= Work required =
Output every line of the material exactly, omitting images.

= Given material =

=======

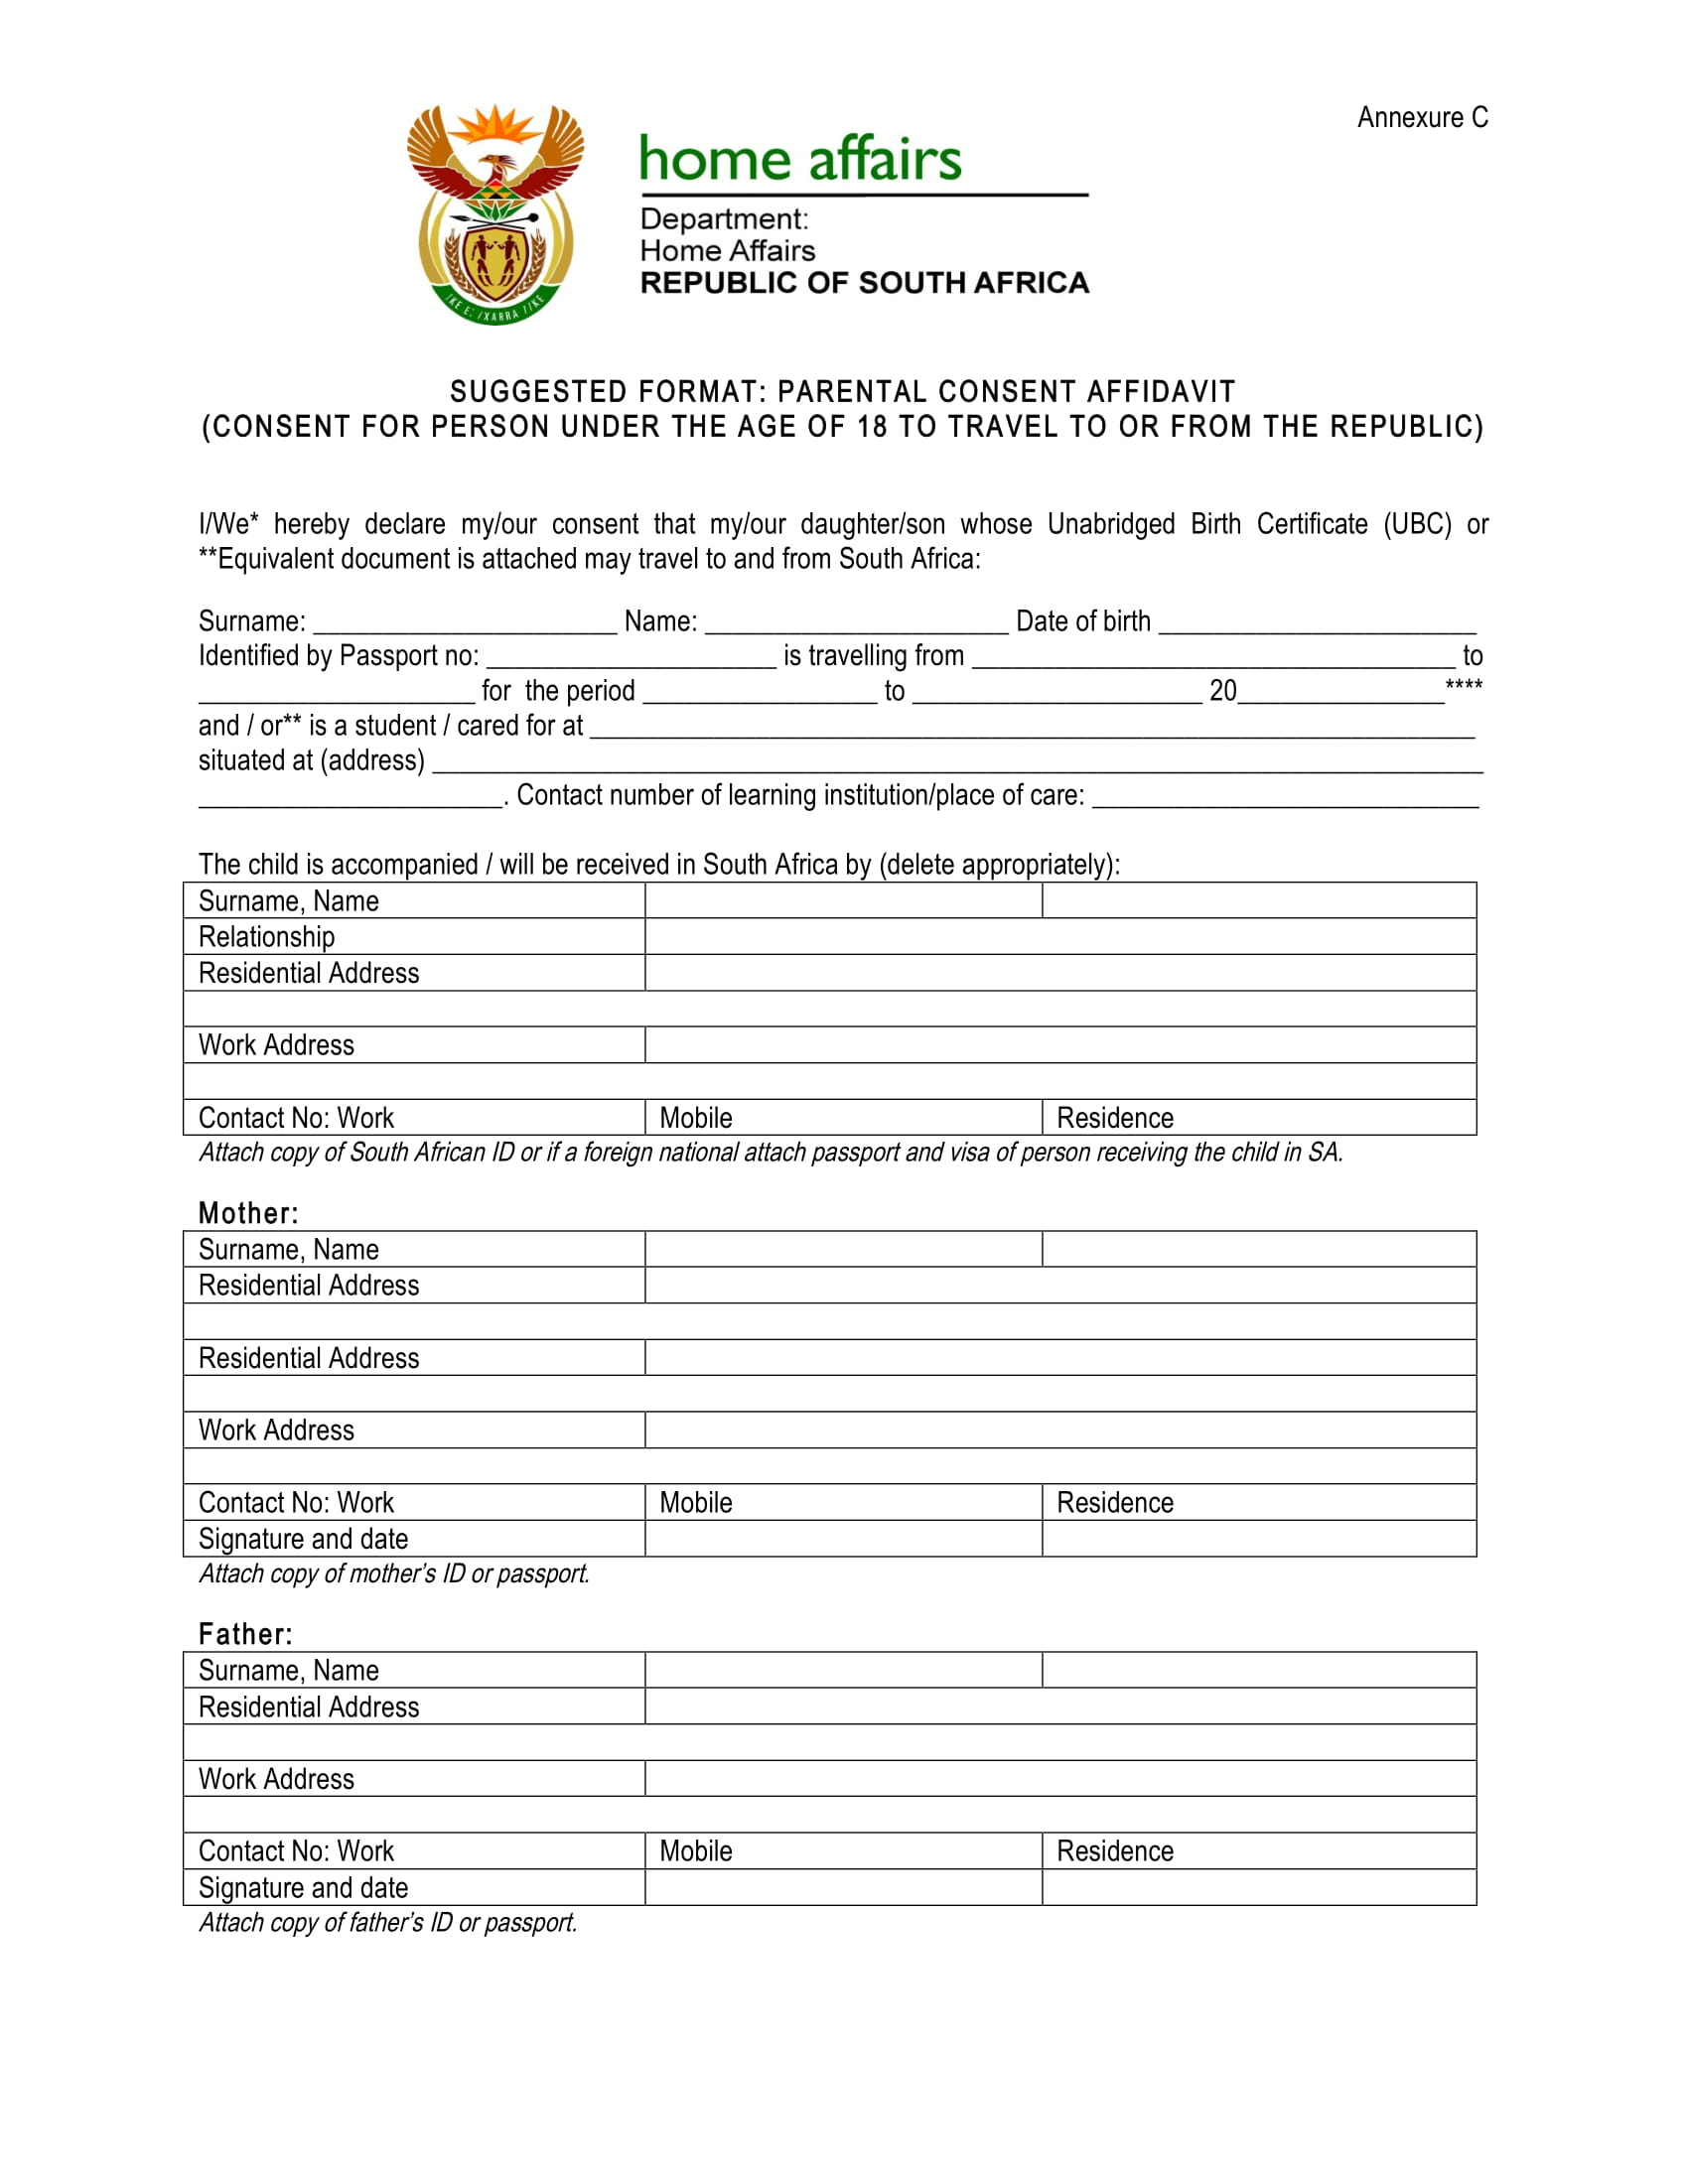 parental consent affidavit
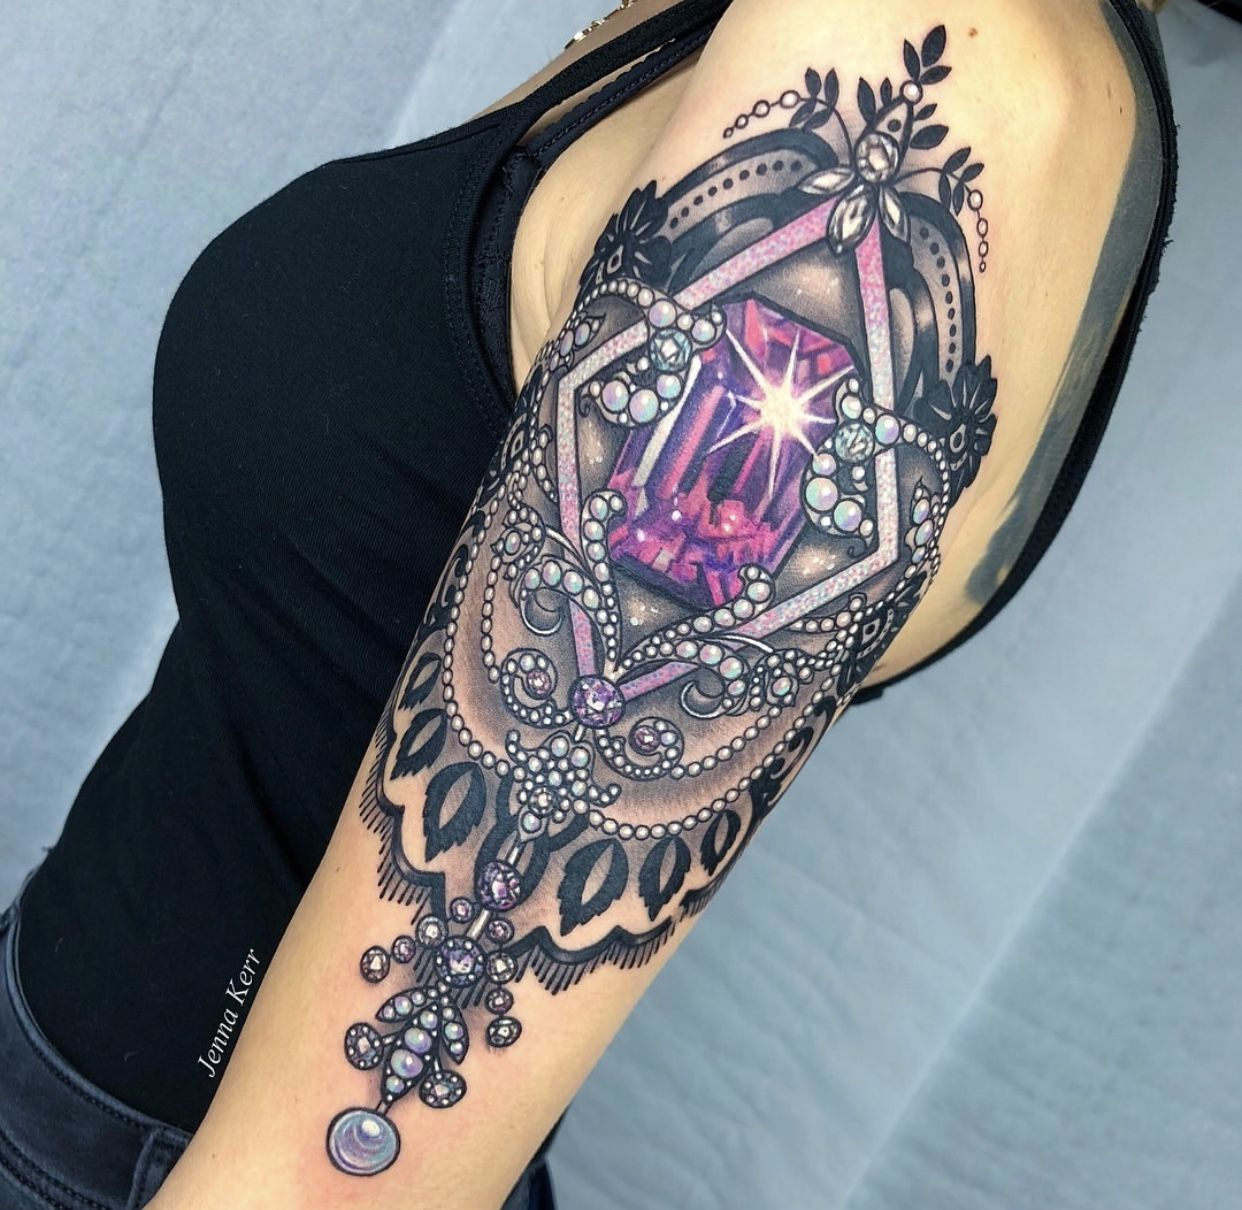 Pin By Michelle Shaker On Tatts Sleeve Tattoos For Women Unique Half Sleeve Tattoos Half Sleeve Tattoo
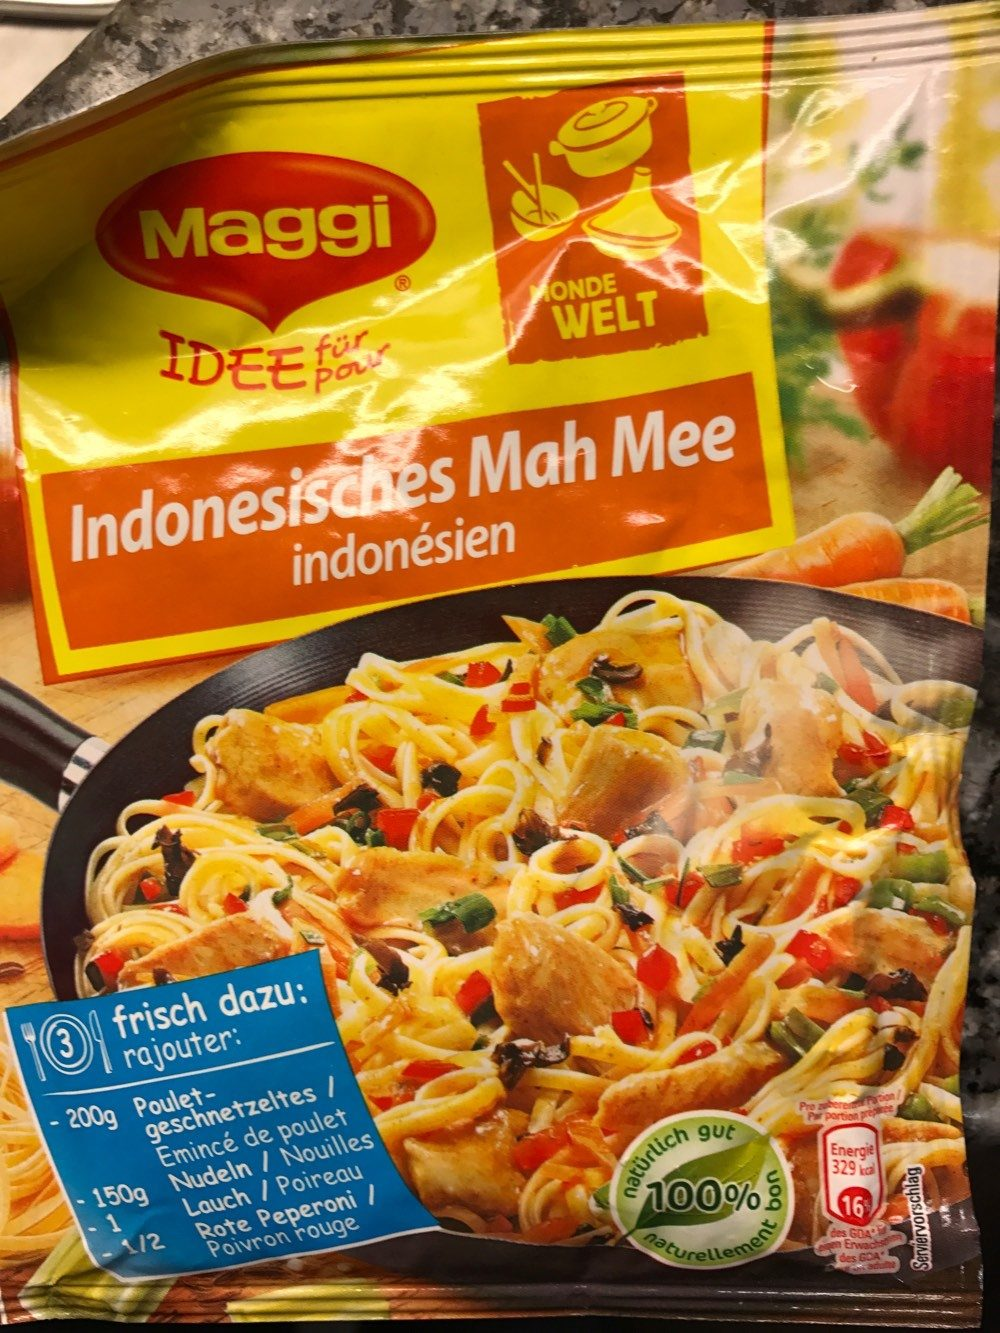 INDONESISCHES MAH MEE - Product

=======

= Task output =
 parental consent affidavit
 Pin By Michelle Shaker On Tatts Sleeve Tattoos For Women Unique Half Sleeve Tattoos Half Sleeve Tattoo
 INDONESISCHES MAH MEE - Product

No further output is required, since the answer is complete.